Great Job Tony  give yourself a pat on the back 

seriously a massive thank you for everything you do for us all

pam xx


----------



## Anthony Reid (Jan 1, 2002)

I forgot to mention - Professor Bill Ledger pointed out that the two circles on the presentation could be testicals 

I can confirm that they are indeed circles!



Tony
x


----------



## Fidget (Jan 27, 2005)




----------



## saphy75 (Mar 15, 2004)




----------



## Charlies-Mum (May 25, 2005)

Mel - do you need help widening the doorframes for Tonys head?


----------



## Mel (Jan 1, 2002)

@Debby

What do you think?  

mel
x


----------



## Sue MJ (May 4, 2002)

Tony,

You did a grand job yesterday and It was great to be there to experience it first hand - Well Done!

Love,

Sue xxx


----------



## CTJ (Jan 13, 2005)

Tony 

Well done on the presentation, you have done a truly amazing job representing us.

I for one having nothing but admiration for the work you do.
Thankyou kindly, I don't know how I would of coped with this journey over the years without this site.  Give yourself a huge pat on the back.

Take care
Cathy xx


----------



## DizziSquirrel (Feb 15, 2005)

~Dizzi~


----------



## Hun (Jul 14, 2003)

Well Done Tony - perhaps this is the beginning of a new phase of FF - and the start of your new public speaking career? 
We are so proud of you and its great that the value of your work is being heard and appreciated by a wider audience than your members alone....
Thanks again
HUn xx


----------



## nicky30 (Sep 23, 2003)

Well done Tony

The presentation looks great - wish I had been there to see it!

Nicky x


----------



## Pilchardcat (Feb 1, 2003)

Girls, It was really good, some really interesting speeches and a really good day out.  Tony's speech really opened a few eyes to the patients side of things, great advertising for the site too   Tony did really really well, up against speaker's  such as MP's and Professor's from Harvard Uni!


----------



## Edna (Mar 19, 2005)

Hi Tony,

Just read your presentation and think its fab...not at all surprised that it went down well. Really well done on doing such a good job and putting our perspective across.

lol


Edna


----------



## Mrs Nikki (Nov 13, 2004)

Well done Tony, you must have been so nervous


----------



## Anthony Reid (Jan 1, 2002)

Thanks everyone.

We did have one slight hiccup - a couple of comments from a Dr.

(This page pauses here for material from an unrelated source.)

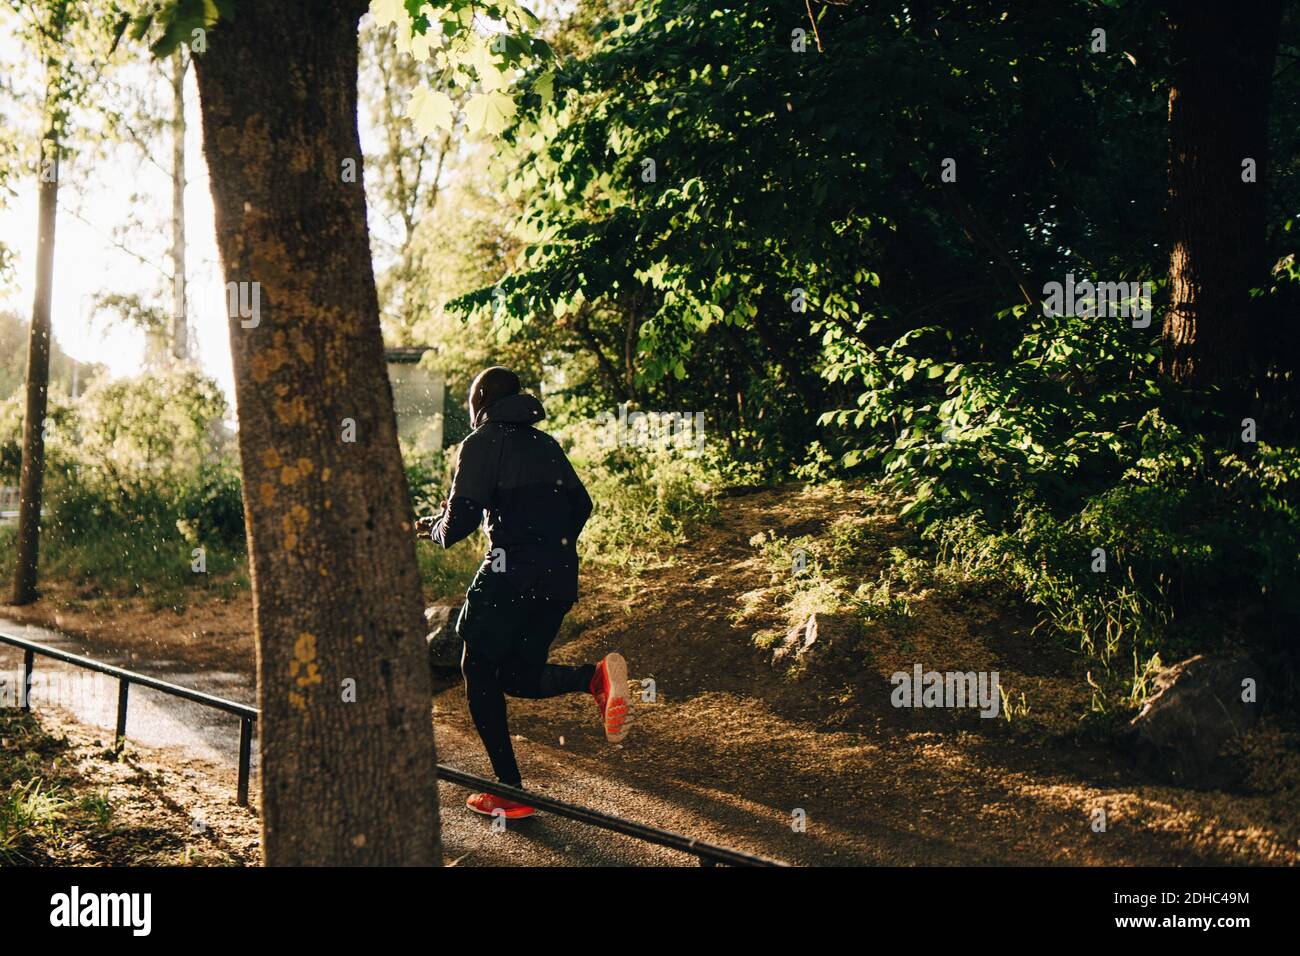 Pleine longueur d'athlète masculin qui court sur une piste de jogging dans le parc Banque D'Images

He obviously had something against us - as he said that "I cannot belive patients think their Dr's do not read FF" - In a tone of voice that suggested that we say stuff here that we shouldnt.

Also... one other thing - Ive mentioned it on the home page http://www.fertilityfriends.co.uk/

Thanks again,

Tony
x


----------



## Clare_S (Aug 9, 2003)

Glad to hear all went well and I am going to have a look at your presentation later.

Well if we are saying things on here we shouldn't do maybe they need to consider why people are saying it.  If they are saying they are not getting what they need from a clinic surely that should be a wake up call.  Although there are some excellent consultants out there there are some who believe they are better than everyone else because they are a consultant.  I still firmly believe that as consumers we pay their salaries either directly or indirectly via our taxes.  As a result I expect to be treated with dignity and respect.  you can only call me by my first name if I can call you by yours.  As patients it is important that our voices are heard and thank you for doing that.  

"this is the problem with Fertility Friends - it is only about positives".  - It depends on your definition of positive here.  There are so many positives available.  The power of positive thinking because you are not alone in your position, the positive actions of many people to cease treatment and live childfree or look towards adoption in a supportive environment.  You can only judge success of a clinic on a postive pregancy test because that is what they are geared to providing.  You cannot judge a support group on the same criteria.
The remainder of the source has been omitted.